The prototype of the function I came up with, is as follows:
CREATE FUNCTION deserialize(the_table t1) RETURNS record << etc. etc. >>
;

It is intended to return multiple fields in an anonymous row: only at time
of invocation it is known what fields will this row consist of...

The function is used in the following statement:
SELECT * FROM (SELECT deserialize( t1 ) FROM t1) ss;
Unfortunately, this results in ONE row, with ONE column. E.g.:

MYDB=# select * from (SELECT deserialize(kvp) FROM kvp) ss;
deserialize
-----------
(1,2)
(1 row)

I guess I am seeking to prototype the anonymous row layout in the above SQL
statement?

Hope you have any idea,
regards,


Rob

Search Discussions

  • Alban Hertroys at Sep 25, 2009 at 5:59 pm

    On 25 Sep 2009, at 18:34, InterRob wrote:

    Unfortunately, this results in ONE row, with ONE column. E.g.:

    MYDB=# select * from (SELECT deserialize(kvp) FROM kvp) ss;
    deserialize
    -----------
    (1,2)
    (1 row)

    I guess I am seeking to prototype the anonymous row layout in the
    above SQL statement?

    I'm not entirely sure about the syntax in your case, but I think
    you're looking for:

    MYDB=# select * from (SELECT deserialize(kvp) FROM kvp) ss (a int, b
    int);

    If that doesn't work, it's based on how you normally select from a
    record-returning function, namely:
    MYDB=# SELECT * FROM deserialize('some string') AS ss (a int, b int);

    You may need to call it like this though:
    MYDB=# select * from (SELECT (deserialize(kvp)).a, (deserialize
    (kvp)).b FROM kvp) ss (a int, b int);

    In that case your function better not be volatile or it will be
    evaluated twice.

    Alban Hertroys

    --
    If you can't see the forest for the trees,
    cut the trees and you'll see there is no forest.

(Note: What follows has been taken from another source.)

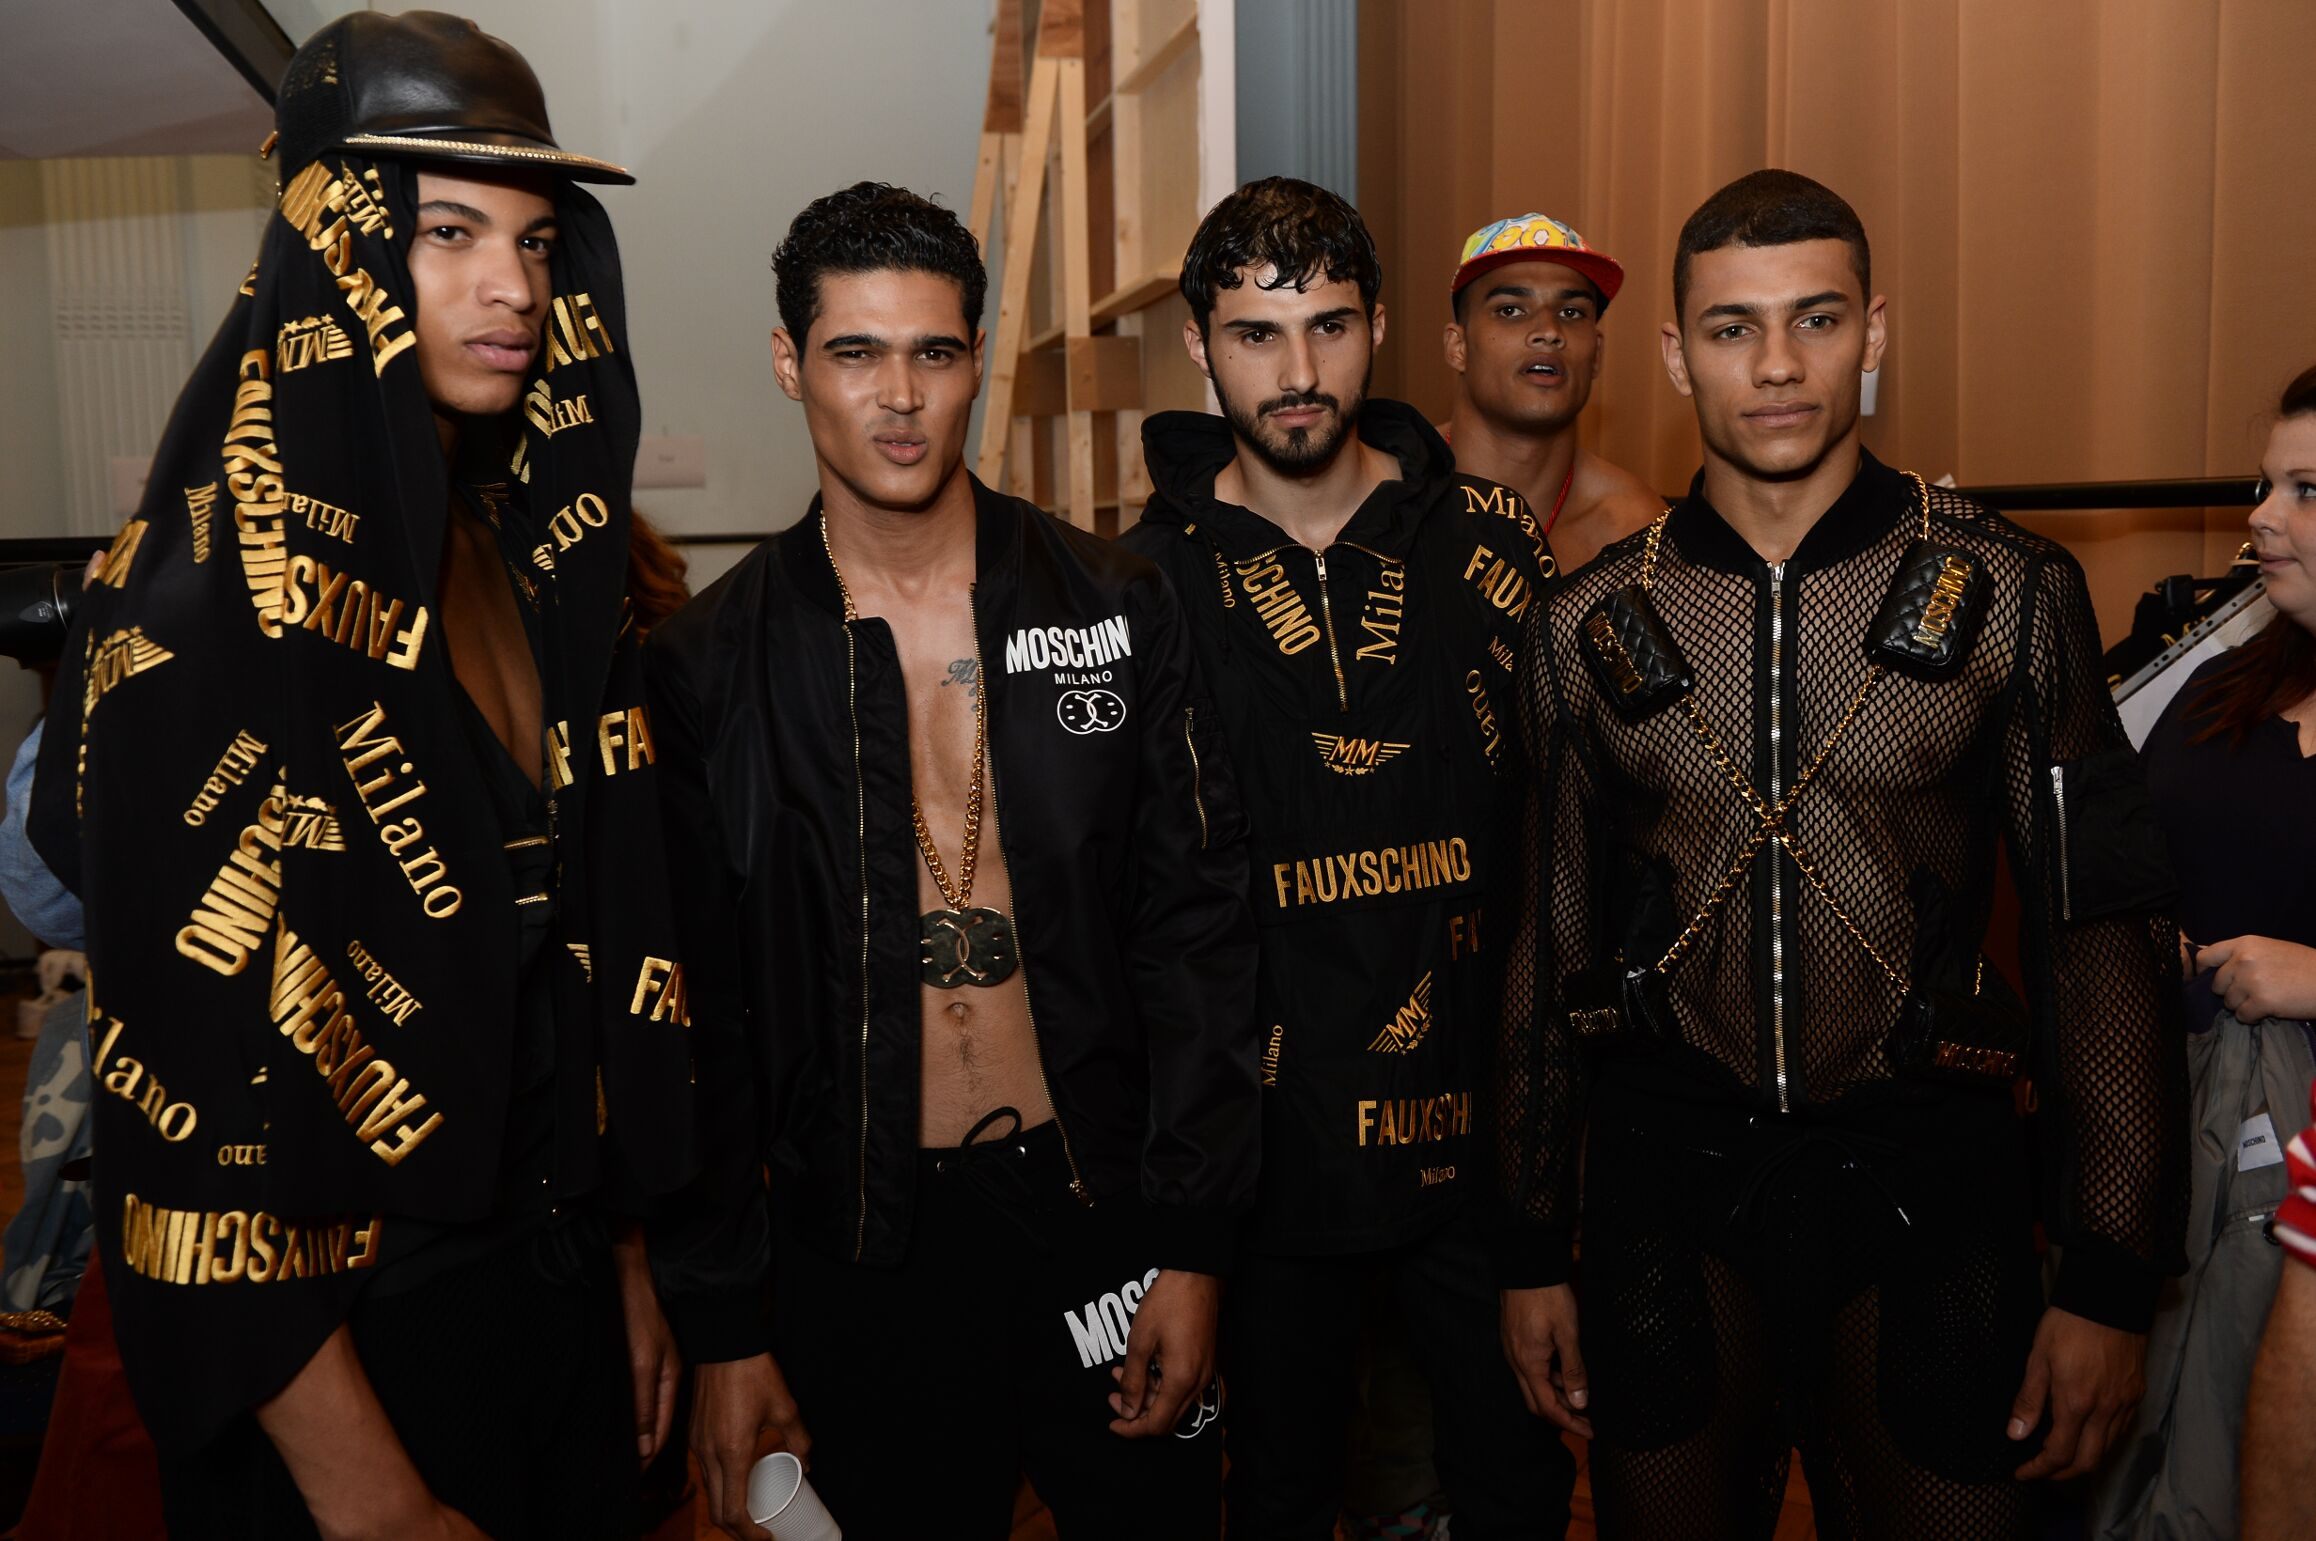 Backstage Moschino Men Models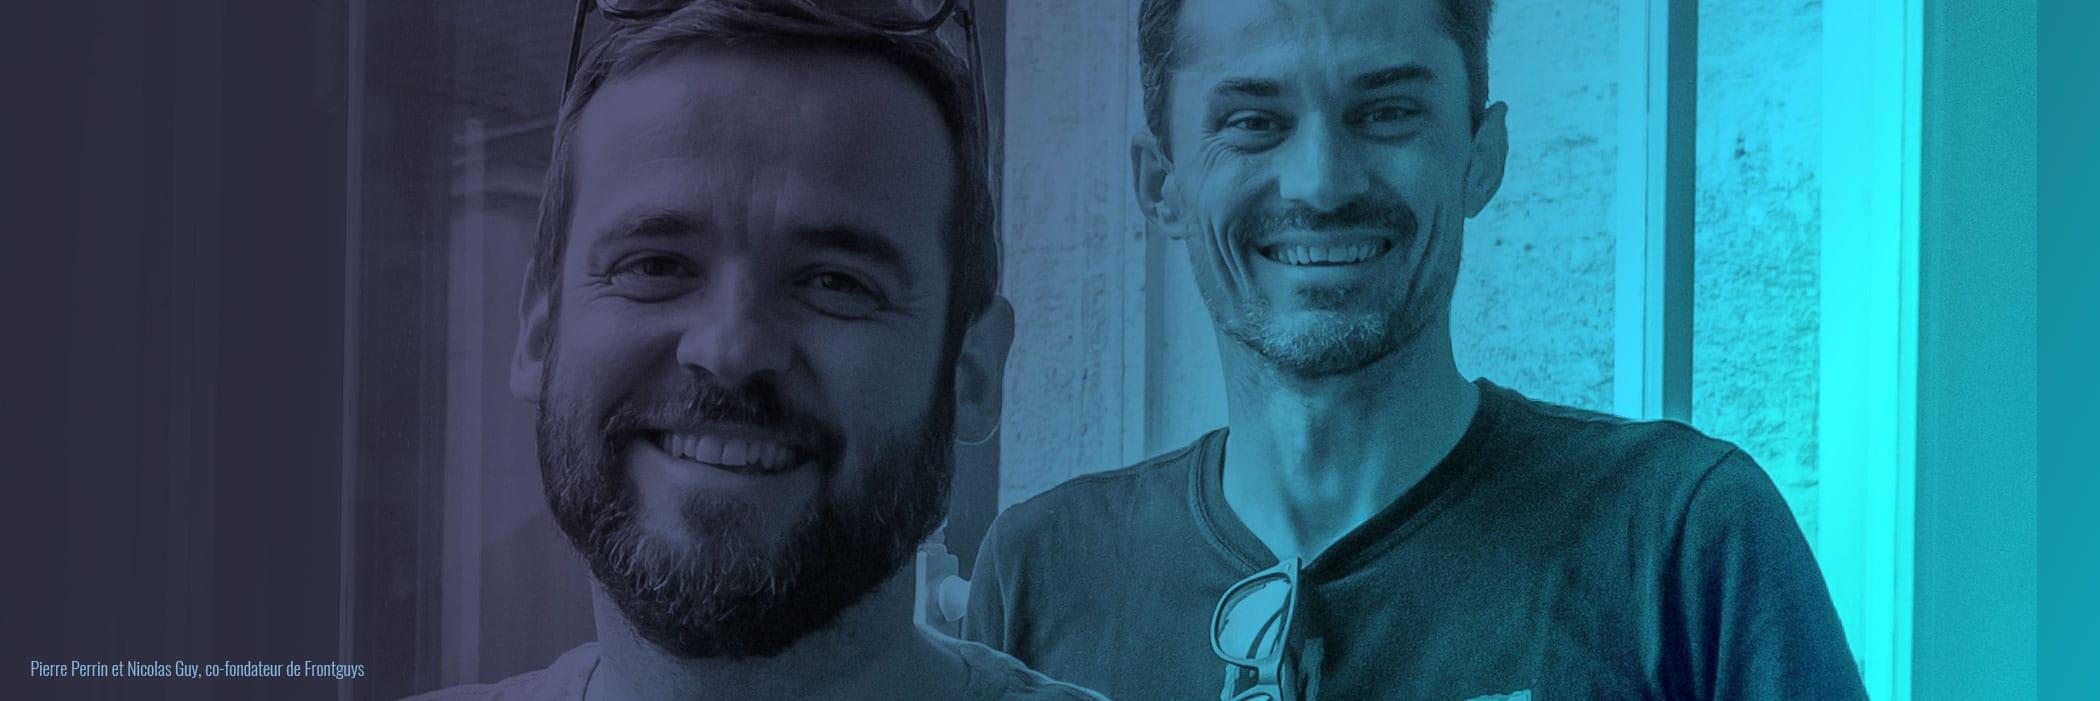 Pierre Perrin et Nicolas Guy, co-fondateur de Frontguys

    !DSPAM:737,4abd04ce11682030514312!
  • Rob Marjot at Sep 25, 2009 at 6:40 pm
    Still no luck... To clarify a bit, take this example:

    CREATE OR REPLACE FUNCTION transpose()
    RETURNS record AS
    $BODY$ DECLARE
    output RECORD;
    BEGIN
    SELECT * INTO output FROM (VALUES(1,2)) as tbl(first,second);
    RETURN output;

    END;$BODY$
    LANGUAGE 'plpgsql' STABLE
    COST 100;

    Now, I expect to have 2 columns; named "first" and "second". However, like
    posted before, the flowing query:
    SELECT * FROM deserialize();
    produces only ONE column (in one row, as one would clearly expect from the
    function's defnition):
    deserialize
    -----------
    (1,2)
    (1 row)


    Any thoughts on how to make sure multiple columns are returned; without
    specifying this in the function's prototype return clause?

    Thanks,


    Rob

    2009/9/25 Alban Hertroys <dalroi@solfertje.student.utwente.nl>
    On 25 Sep 2009, at 18:34, InterRob wrote:

    Unfortunately, this results in ONE row, with ONE column. E.g.:
    MYDB=# select * from (SELECT deserialize(kvp) FROM kvp) ss;
    deserialize
    -----------
    (1,2)
    (1 row)

    I guess I am seeking to prototype the anonymous row layout in the above
    SQL statement?

    I'm not entirely sure about the syntax in your case, but I think you're
    looking for:

    MYDB=# select * from (SELECT deserialize(kvp) FROM kvp) ss (a int, b int);

    If that doesn't work, it's based on how you normally select from a
    record-returning function, namely:
    MYDB=# SELECT * FROM deserialize('some string') AS ss (a int, b int);

    You may need to call it like this though:
    MYDB=# select * from (SELECT (deserialize(kvp)).a, (deserialize(kvp)).b
    FROM kvp) ss (a int, b int);

    In that case your function better not be volatile or it will be evaluated
    twice.

    Alban Hertroys

    --
    If you can't see the forest for the trees,
    cut the trees and you'll see there is no forest.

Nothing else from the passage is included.